Transport and logistics
Optimization of delivery routes, calculation of the waiting time for the delivery of products, and even the introduction of unmanned vehicles.
Automated content placement and targeting.
Scoring a client to make a decision about issuing a loan, fraud detection and prevention, micro trading.
Searching for and identifying the most suitable properties for the buyer.
Health tracking for personalized training, selection of promising players, development of game strategies.
How are large companies using Data Science today?
Data Science is being implemented in large companies to harness the power of analytics to optimize business processes. They try to bring in Data Science specialists as early as possible in their process to create a strategy and determine what data to collect and how to organize the user action feedback received. In some cases, simple product and sales data can serve as the starting point for analysis, and more data can be accumulated over time so that the specialist has something to work with. The more relevant data collected, the better. More good data means that the analysis will describe circumstances more accurately, and more powerful algorithm models can be used.
Many large IT companies, such as Google, Amazon, Meta, and Microsoft, collect terabytes-petabytes of data. Doing so allows them to train and use state-of-the-art machine learning models. Since they release some of the models in open source, that means smaller companies can use the models for their own needs through transfer learning and can train models which would otherwise have less data.
Who are Data Scientists?
A Data Scientist is a developer-analyst with a good mathematical and algorithmic background, who understands what the business problem is and how data collection can be structured, and then analyzes the data. The difference between a Data Scientist and a data analyst is that a Data Scientist does not simply analyze, prepare reports, and describe what the data says. Data Scientists also use data for predictive modeling.
A software developer needs to implement some functionality based on customer requirements, it can be certain functions on a website or in a mobile application.
One main difference between Data Science and software development is the degree of uncertainty in the results of the work. For example, if the task is to write a website, this is an achievable task. There are, of course, many questions about the purpose of the site, the technologies to be used, the features it should have, etc., but the fact remains that it is quite possible to create the site. In Data Science, on the other hand, until you have examined the data and fully understood the goals and objectives of the project, you cannot know whether it is possible to solve the customer's problem or not. Perhaps the customer needs a certain accuracy for the model, and with the data and algorithms that exist, achieving the requested quality is simply unrealistic. That is why a project often starts with a PoC (proof of concept) stage, so that we roughly understand the task and the direction we can go in to solve it. There are many moments, however, when Data Science intersects with standard IT; when it is necessary to deliver the results of models by creating a web service, for example.

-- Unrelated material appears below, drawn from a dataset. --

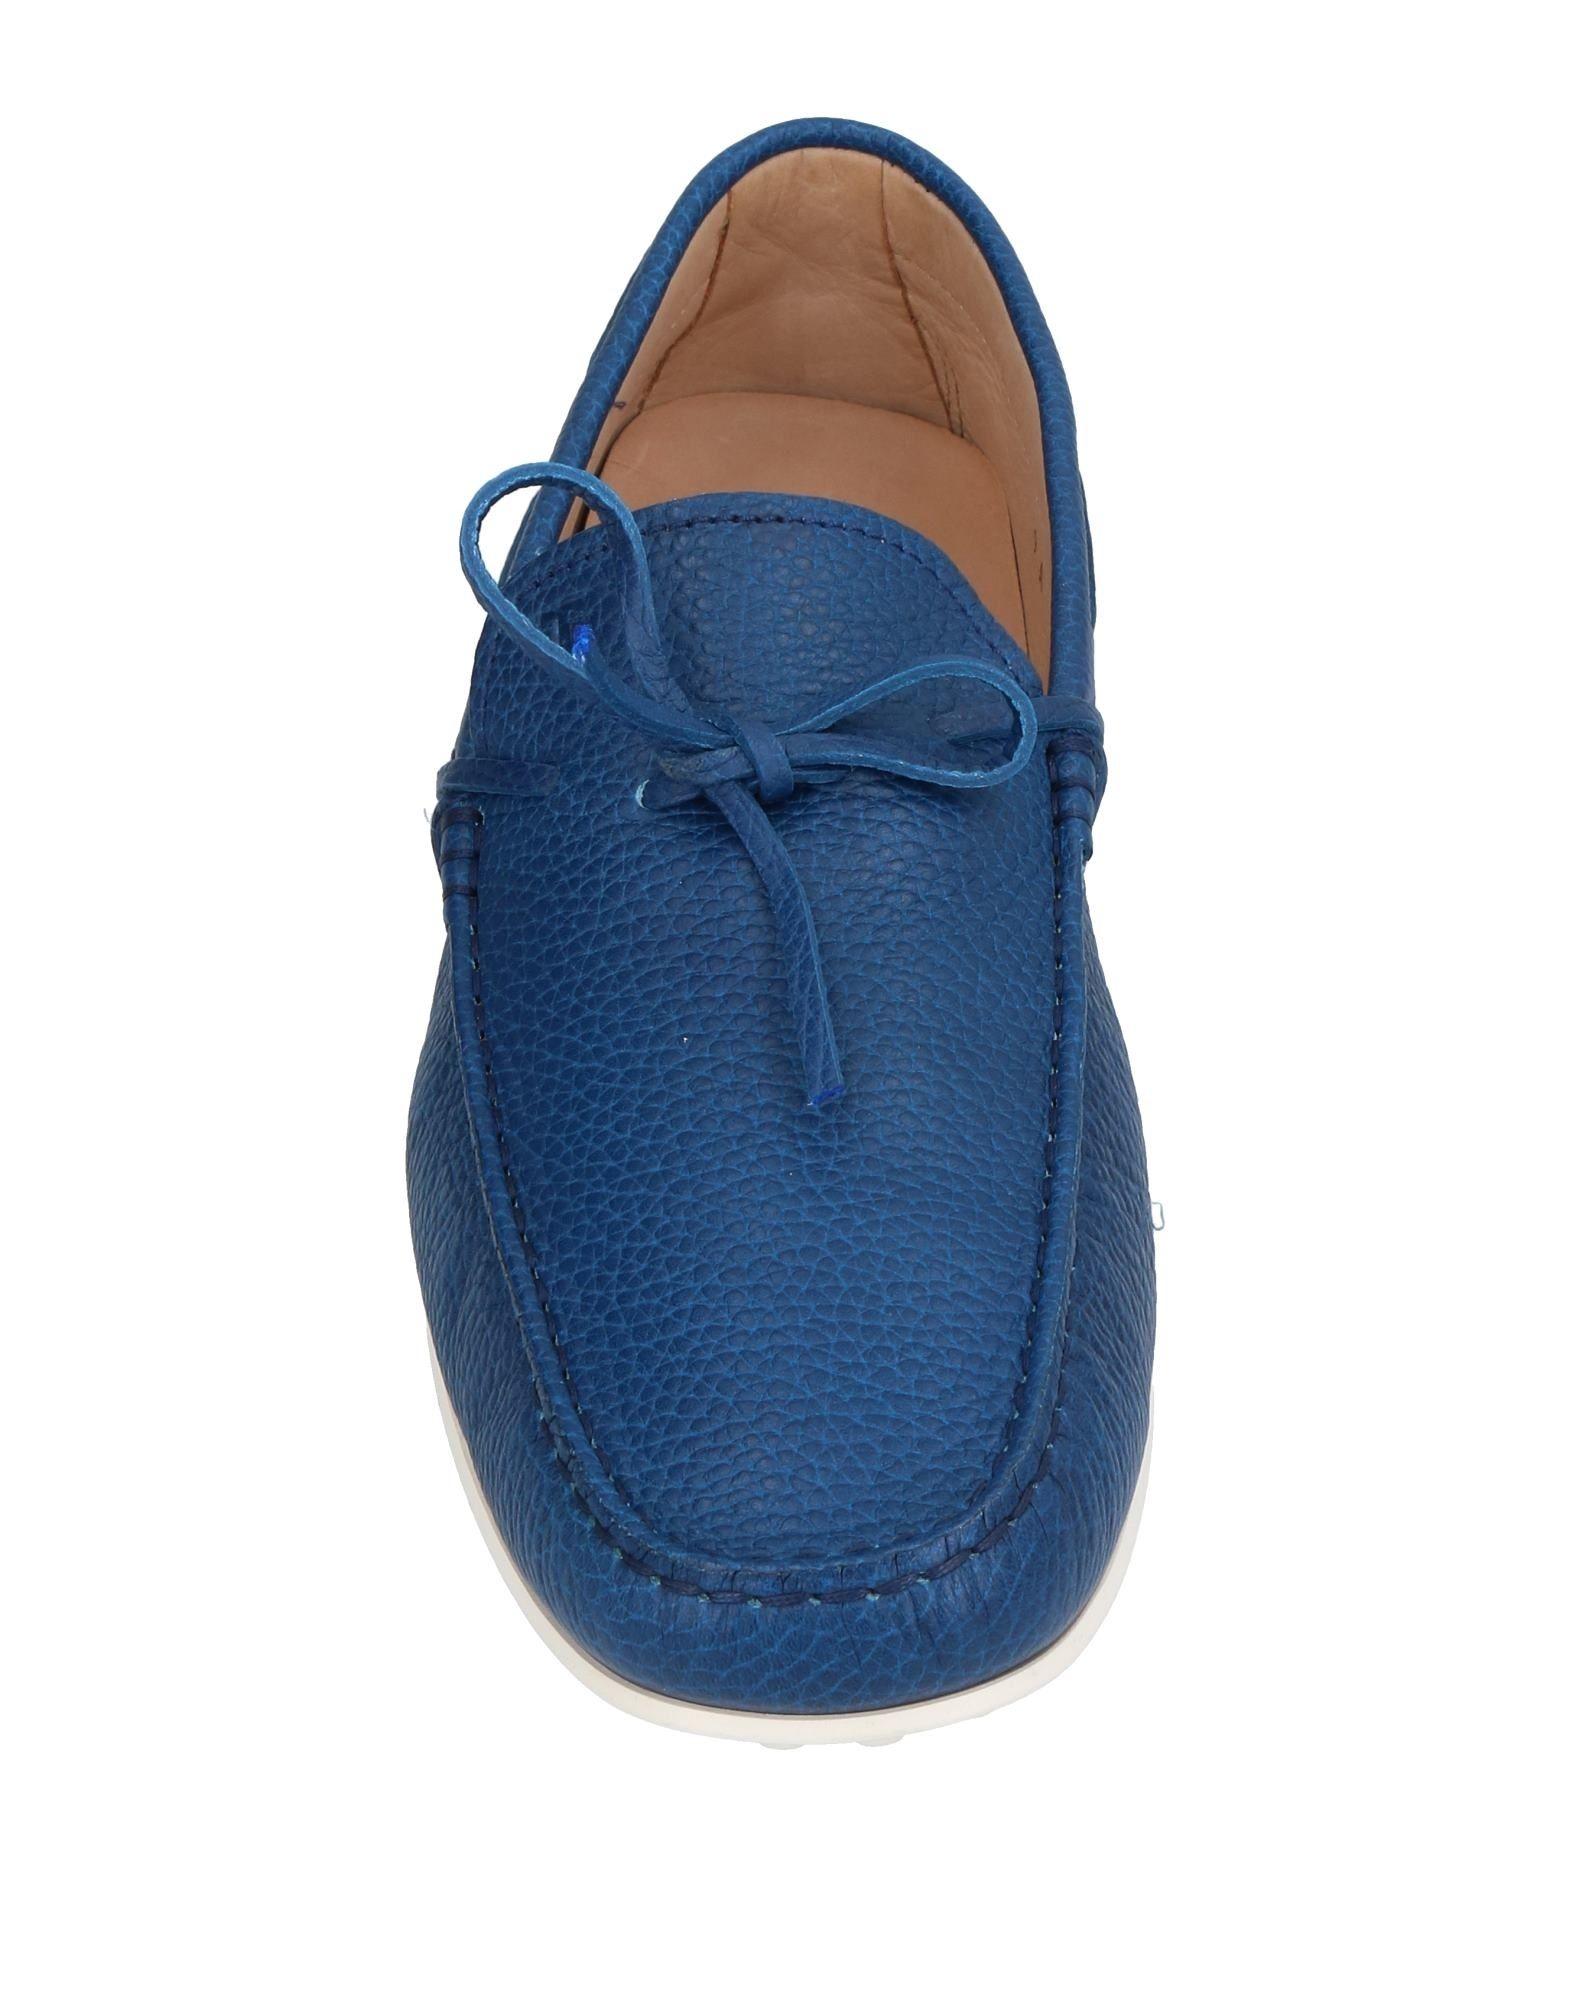 Tod's Mokassins Qualität Herren  11319299FX Gute Qualität Mokassins beliebte Schuhe 5b3046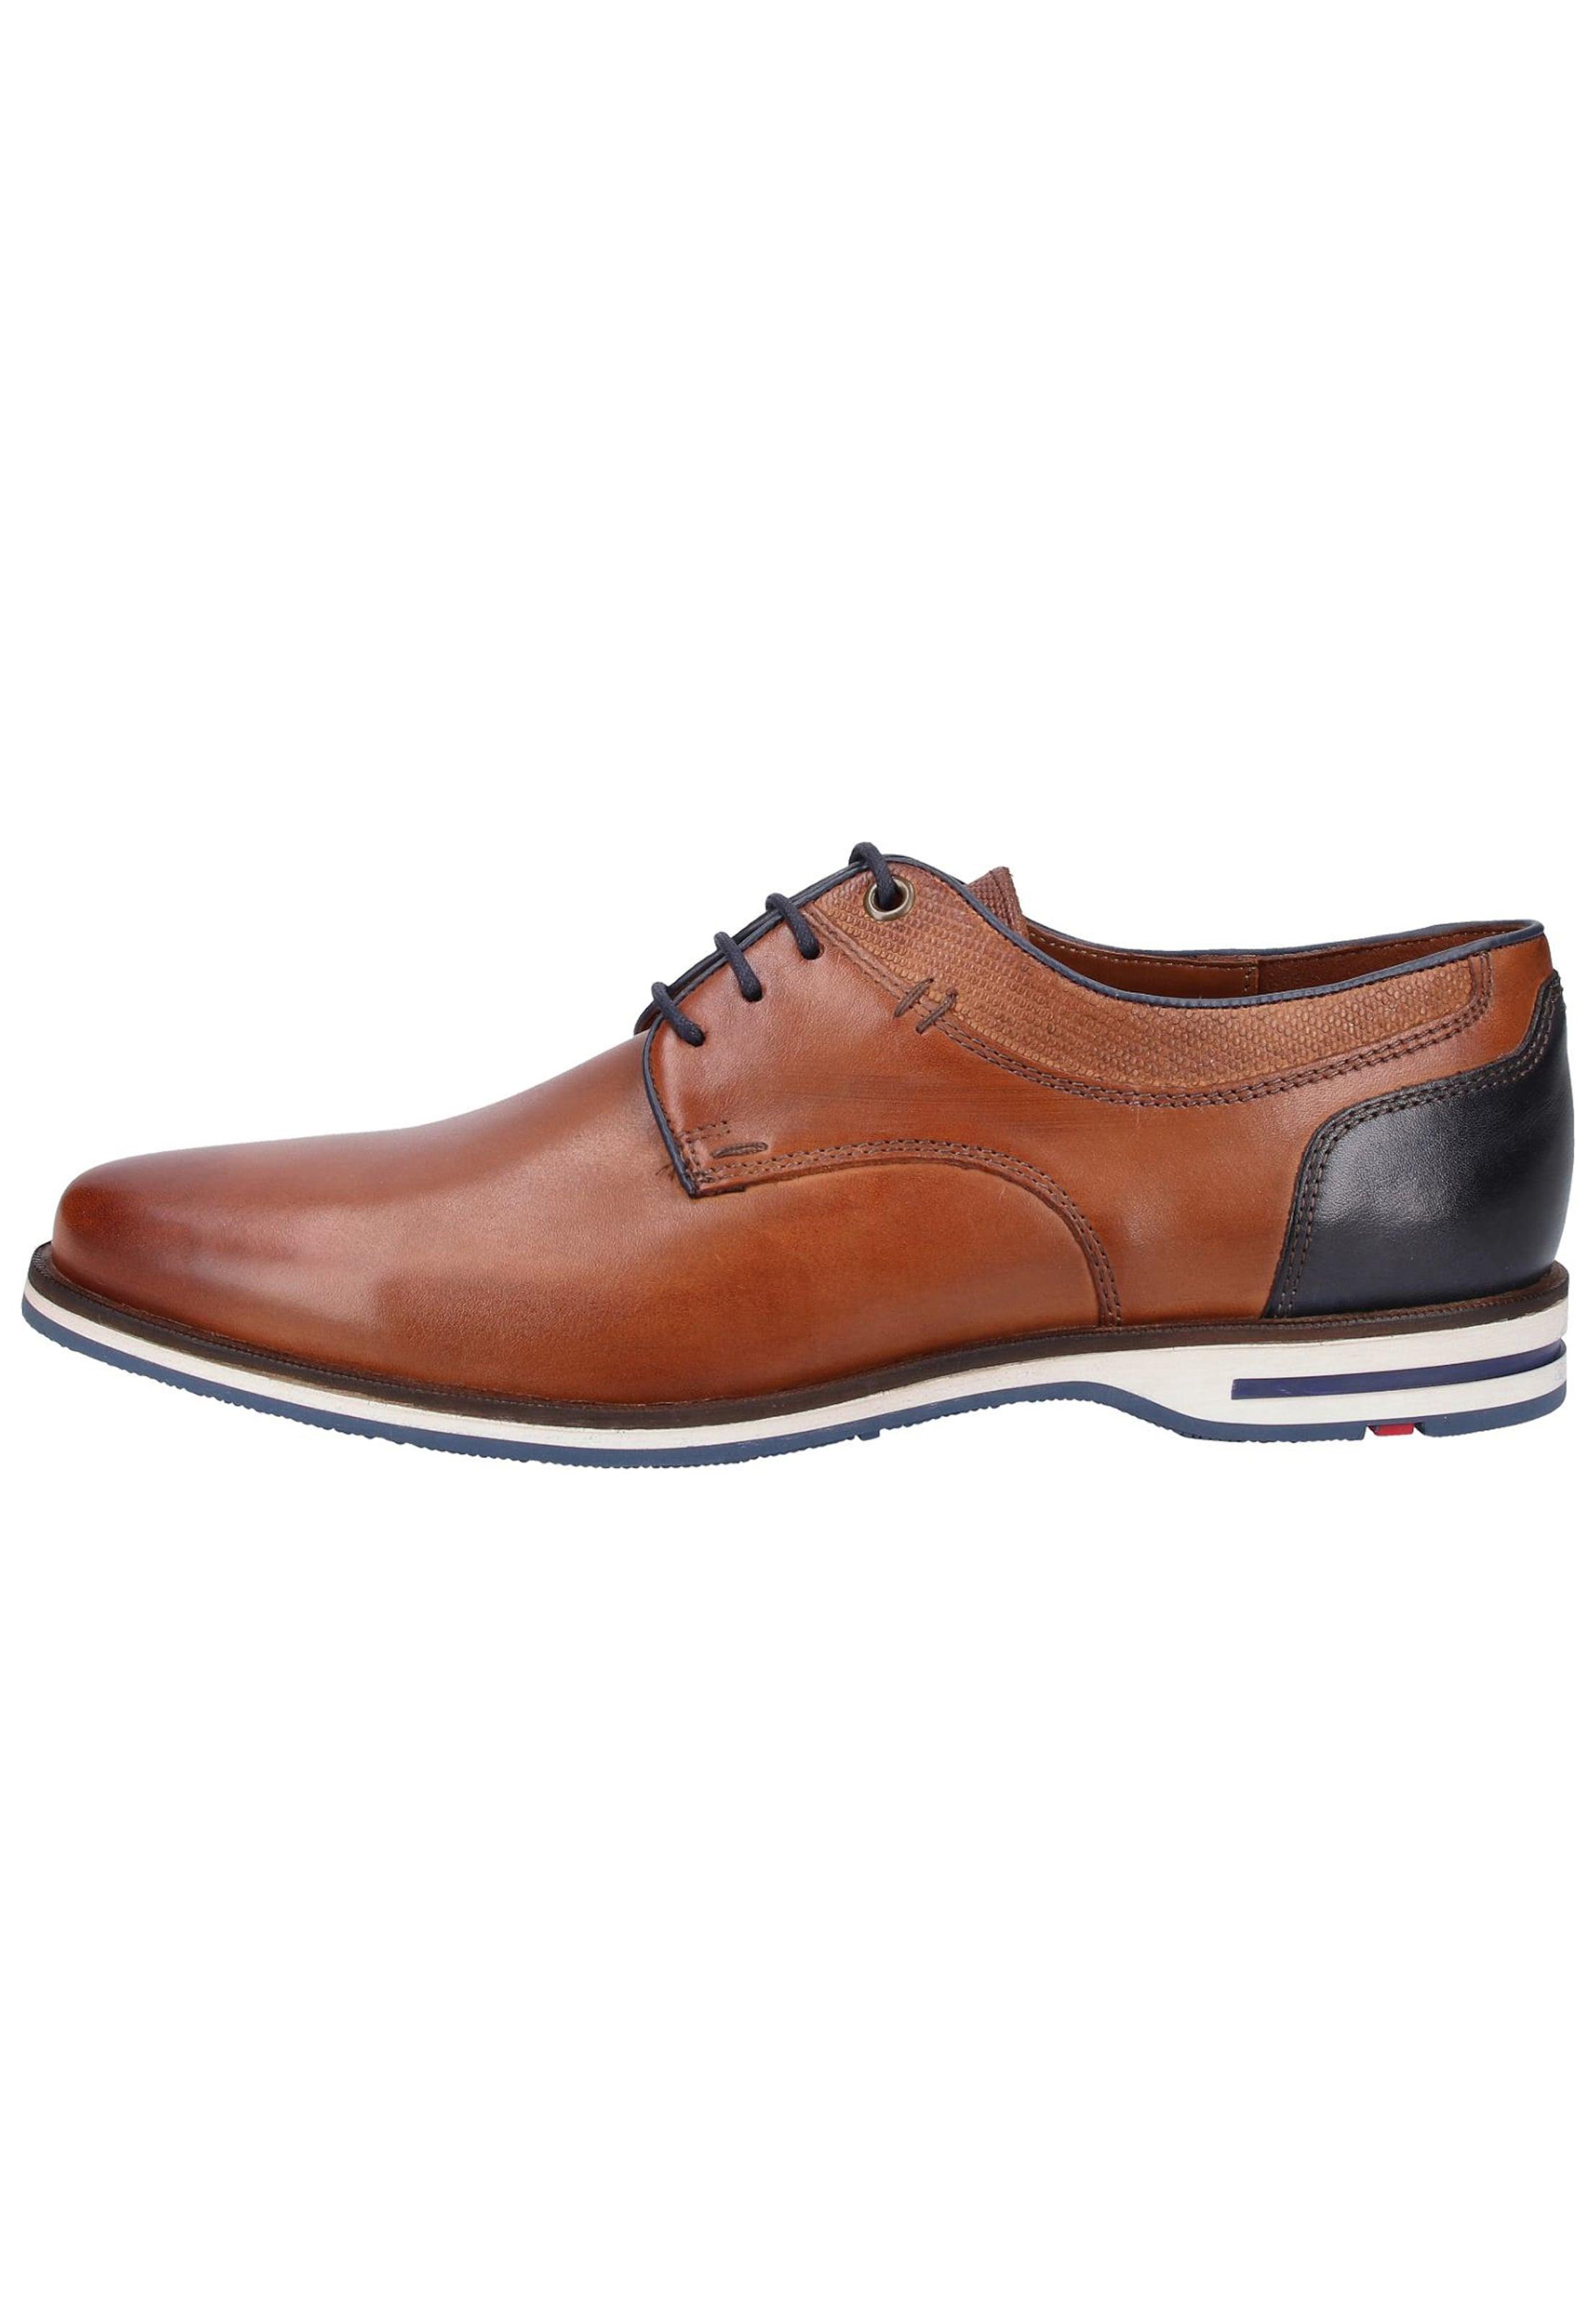 Lloyd À En Marron 'diego' Chaussure Lacets ebEHYW9ID2

To be or not to be: prospects for the Data Scientist profession
Data Science is the fusion of several components: good mathematical knowledge, software development skills, and expertise in business processes or some domain area.
A strong mathematical base is needed, including: probability; statistics; knowledge of mathematical analysis and differentiation; optimization methods; and many more subjects that are part of a mathematical course of study in higher education. Many students question the need to study these areas, because the skills are not generally used in software development, but in Data Science this knowledge is useful and very important. This background will help you understand how to: solve a problem correctly; know why something does not work in an algorithm; test hypotheses; and draw the right conclusions. Fortunately, this knowledge is not exclusive to universities. There are now online courses on these topics on Coursera, Stepik, lectures from the Yandex School of Data Analysis, and other sources of the information that you need.
The main programming language for Data Science is Python, so a solid knowledge of the basics of the language is required. In-depth knowledge is a huge plus, because if you understand more of the features of the language, you can write solutions more efficiently and effectively. In addition to Python, there is a use for R and Julia as well, and for other programming languages with machine learning libraries that you can use.
Also useful are a knowledge of programming patterns, an understanding of how to write clean and optimized code, and a knowledge of CI/CD. The use of cloud technologies is still popular, so the ability to work with some of the cloud services (Microsoft Azure, AWS, GCP) will also be an asset.
Finally, the last component, but not the least important. Understanding business processes and tasks will help you communicate with the customer in their language and quickly understand: the problem they want to solve, why they need to solve it, how to measure business success, and how to convey the solution. This, unfortunately, is not taught at university for programmers and mathematicians, and most likely you will need to do some supplemental reading. One of the best books for those who want to start learning data science from scratch, and even for those with some experience in the field, is “Data Science for Business” by Tom Fawcett. The book provides examples of tasks and how to approach them, including what questions you can ask the customer and what some solutions might be. This is a good starting point, but ultimately the skills needed for the Data Science component of the job come with experience and working on a variety of projects.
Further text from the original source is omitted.